Harsh winter weather with wind, ice, and snow can wreak havoc on your trees and shrubs causing numerous split and broken branches. Early snow and ice storms can be even more deadly with the foliage still on deciduous trees and shrubs.

Recent research shows that climate change is bringing us more destructive ice storms and storms mixed with both snow and ice, rather than those gentle snow events once so common.  While a snowstorm of light fluffy snow is a boon to the garden, an ice-filled storm is another matter altogether.

Softwood tree species like pines, spruces, fir and cedars are more flexible and less prone to winter storm damage than hardwood species like oaks, maples, hickories and poplars.  But, in a really bad icing event any woody plant can take a hit.

What should you do when woody plants get hammered?

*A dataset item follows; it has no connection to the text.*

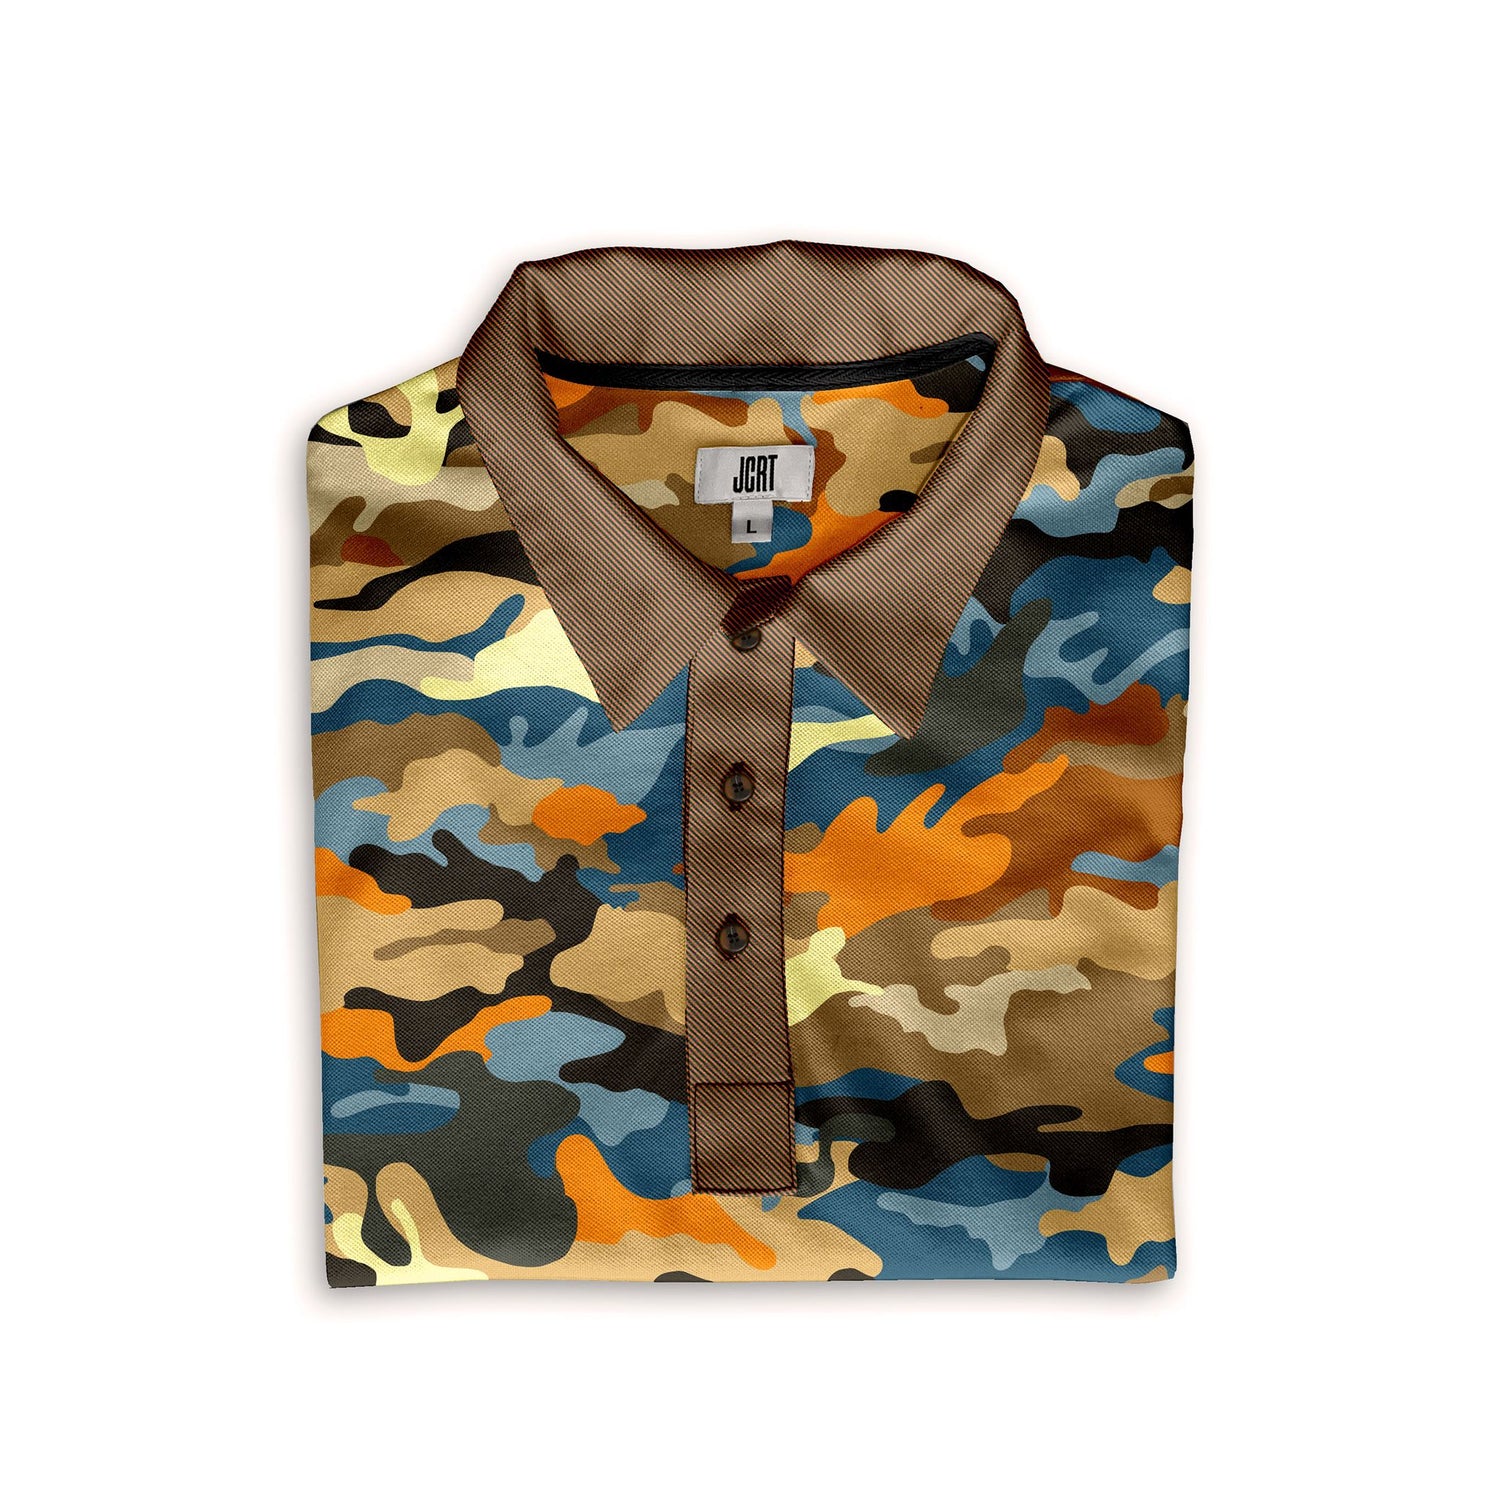 The Modern Life is Rubbish Camouflage Polo Shirt

The rule of thumb in winter or at any time of year for that matter, is to remove dead and broken branches as soon as possible. This can help prevent further splitting of wood, winter desiccation of exposed inner wood, and attacks by insects and disease on exposed wood when the weather warms up.

Even if you aren’t a trained pruner, you can accomplish many of these smaller pruning jobs by yourself. Call a certified arborist, though, for damage to large branches and taller trees.

Your DIY toolkit should include:

1) a sharp pair of bypass pruners (I like Felco pruners)

2) a sharp pair of loppers (again, I like Felco)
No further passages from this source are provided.